Saved entries:

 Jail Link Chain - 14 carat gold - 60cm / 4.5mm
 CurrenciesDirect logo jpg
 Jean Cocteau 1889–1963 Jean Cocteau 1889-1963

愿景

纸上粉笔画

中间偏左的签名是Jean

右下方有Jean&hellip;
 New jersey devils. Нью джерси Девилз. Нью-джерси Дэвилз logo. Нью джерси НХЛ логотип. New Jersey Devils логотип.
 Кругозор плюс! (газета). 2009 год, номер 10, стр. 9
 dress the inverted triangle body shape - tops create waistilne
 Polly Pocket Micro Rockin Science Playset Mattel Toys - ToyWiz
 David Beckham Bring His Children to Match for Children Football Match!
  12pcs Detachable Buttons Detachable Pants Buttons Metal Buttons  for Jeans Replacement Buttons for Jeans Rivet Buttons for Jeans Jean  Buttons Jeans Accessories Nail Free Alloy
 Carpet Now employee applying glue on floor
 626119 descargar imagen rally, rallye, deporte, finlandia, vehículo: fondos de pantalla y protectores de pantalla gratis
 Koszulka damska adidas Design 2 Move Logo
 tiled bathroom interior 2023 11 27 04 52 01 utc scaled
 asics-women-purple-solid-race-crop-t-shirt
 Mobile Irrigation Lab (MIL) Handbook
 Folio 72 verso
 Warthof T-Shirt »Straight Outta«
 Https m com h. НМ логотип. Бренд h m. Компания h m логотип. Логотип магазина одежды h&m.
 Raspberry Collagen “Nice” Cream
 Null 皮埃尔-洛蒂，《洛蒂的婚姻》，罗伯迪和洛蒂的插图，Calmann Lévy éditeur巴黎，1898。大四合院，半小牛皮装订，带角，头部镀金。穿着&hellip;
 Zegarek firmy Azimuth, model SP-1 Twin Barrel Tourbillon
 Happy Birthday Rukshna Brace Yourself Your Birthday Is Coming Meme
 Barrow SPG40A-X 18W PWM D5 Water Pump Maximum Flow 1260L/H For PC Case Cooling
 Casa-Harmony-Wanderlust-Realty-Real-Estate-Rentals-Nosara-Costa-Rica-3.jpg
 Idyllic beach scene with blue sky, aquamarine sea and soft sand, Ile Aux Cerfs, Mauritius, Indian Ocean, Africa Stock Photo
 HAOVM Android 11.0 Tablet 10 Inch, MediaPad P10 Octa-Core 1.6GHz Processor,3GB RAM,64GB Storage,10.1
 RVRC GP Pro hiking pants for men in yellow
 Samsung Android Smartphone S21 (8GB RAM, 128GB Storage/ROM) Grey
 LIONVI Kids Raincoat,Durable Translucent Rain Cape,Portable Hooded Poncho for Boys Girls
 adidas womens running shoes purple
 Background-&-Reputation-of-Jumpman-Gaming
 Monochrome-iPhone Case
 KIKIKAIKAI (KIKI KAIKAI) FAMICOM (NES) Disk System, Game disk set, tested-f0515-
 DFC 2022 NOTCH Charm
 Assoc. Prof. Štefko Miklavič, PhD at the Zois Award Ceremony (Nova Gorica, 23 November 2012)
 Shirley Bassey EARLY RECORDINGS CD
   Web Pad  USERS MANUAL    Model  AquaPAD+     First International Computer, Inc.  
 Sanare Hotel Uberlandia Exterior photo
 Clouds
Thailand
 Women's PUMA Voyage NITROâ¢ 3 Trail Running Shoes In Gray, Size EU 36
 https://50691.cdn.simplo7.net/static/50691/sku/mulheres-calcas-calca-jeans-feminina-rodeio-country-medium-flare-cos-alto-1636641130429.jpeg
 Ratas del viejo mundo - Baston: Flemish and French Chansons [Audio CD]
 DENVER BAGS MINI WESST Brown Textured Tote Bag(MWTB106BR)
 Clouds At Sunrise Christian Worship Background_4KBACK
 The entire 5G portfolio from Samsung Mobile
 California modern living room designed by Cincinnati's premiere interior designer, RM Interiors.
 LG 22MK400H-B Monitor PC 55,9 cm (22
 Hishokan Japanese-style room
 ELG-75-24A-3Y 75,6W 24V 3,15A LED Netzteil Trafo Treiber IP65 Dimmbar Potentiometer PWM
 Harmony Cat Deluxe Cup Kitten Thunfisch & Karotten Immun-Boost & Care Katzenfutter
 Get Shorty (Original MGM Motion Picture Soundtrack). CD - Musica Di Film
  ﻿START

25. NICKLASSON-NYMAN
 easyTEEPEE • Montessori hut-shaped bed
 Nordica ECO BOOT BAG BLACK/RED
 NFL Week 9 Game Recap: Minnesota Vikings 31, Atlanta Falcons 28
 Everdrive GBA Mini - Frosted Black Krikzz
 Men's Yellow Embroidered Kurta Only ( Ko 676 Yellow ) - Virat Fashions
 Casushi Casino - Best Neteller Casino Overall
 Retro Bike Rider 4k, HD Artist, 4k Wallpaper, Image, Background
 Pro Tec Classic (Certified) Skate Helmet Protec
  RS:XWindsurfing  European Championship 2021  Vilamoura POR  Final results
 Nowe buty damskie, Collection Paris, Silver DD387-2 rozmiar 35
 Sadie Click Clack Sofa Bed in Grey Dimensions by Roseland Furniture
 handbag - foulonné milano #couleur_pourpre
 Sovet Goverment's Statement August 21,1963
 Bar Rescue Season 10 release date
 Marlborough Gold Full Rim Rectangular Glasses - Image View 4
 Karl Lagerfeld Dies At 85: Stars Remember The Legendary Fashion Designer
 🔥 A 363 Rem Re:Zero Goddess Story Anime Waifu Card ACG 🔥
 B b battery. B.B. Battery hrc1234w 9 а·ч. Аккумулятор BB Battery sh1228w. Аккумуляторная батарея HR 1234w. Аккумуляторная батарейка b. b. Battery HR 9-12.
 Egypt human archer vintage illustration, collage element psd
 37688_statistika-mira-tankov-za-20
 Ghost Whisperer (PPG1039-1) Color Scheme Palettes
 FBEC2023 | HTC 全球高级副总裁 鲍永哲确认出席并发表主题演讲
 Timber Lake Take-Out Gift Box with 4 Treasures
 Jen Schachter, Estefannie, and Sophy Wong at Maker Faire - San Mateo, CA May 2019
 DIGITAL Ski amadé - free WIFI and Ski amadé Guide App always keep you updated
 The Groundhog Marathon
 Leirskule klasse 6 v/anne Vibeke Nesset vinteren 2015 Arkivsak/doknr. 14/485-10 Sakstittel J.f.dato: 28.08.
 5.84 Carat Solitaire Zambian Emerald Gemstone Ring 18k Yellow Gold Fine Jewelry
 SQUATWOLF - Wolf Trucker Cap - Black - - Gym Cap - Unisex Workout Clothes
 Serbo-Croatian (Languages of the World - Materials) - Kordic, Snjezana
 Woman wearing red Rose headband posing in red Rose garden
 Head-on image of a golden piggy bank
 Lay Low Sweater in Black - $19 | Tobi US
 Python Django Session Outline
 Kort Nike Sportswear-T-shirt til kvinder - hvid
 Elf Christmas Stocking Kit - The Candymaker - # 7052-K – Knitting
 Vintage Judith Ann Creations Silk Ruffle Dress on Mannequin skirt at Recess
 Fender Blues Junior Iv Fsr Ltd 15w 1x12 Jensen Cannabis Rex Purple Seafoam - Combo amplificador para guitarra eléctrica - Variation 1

Problem to work on => All lines above from the one containing "LG 22MK400H-B Monitor PC 55,9 cm (22" to the one containing "Nowe buty damskie, Collection" must be repeated exactly, both lines included, and no others.

Output below =>
 LG 22MK400H-B Monitor PC 55,9 cm (22
 Hishokan Japanese-style room
 ELG-75-24A-3Y 75,6W 24V 3,15A LED Netzteil Trafo Treiber IP65 Dimmbar Potentiometer PWM
 Harmony Cat Deluxe Cup Kitten Thunfisch & Karotten Immun-Boost & Care Katzenfutter
 Get Shorty (Original MGM Motion Picture Soundtrack). CD - Musica Di Film
  ﻿START

25. NICKLASSON-NYMAN
 easyTEEPEE • Montessori hut-shaped bed
 Nordica ECO BOOT BAG BLACK/RED
 NFL Week 9 Game Recap: Minnesota Vikings 31, Atlanta Falcons 28
 Everdrive GBA Mini - Frosted Black Krikzz
 Men's Yellow Embroidered Kurta Only ( Ko 676 Yellow ) - Virat Fashions
 Casushi Casino - Best Neteller Casino Overall
 Retro Bike Rider 4k, HD Artist, 4k Wallpaper, Image, Background
 Pro Tec Classic (Certified) Skate Helmet Protec
  RS:XWindsurfing  European Championship 2021  Vilamoura POR  Final results
 Nowe buty damskie, Collection Paris, Silver DD387-2 rozmiar 35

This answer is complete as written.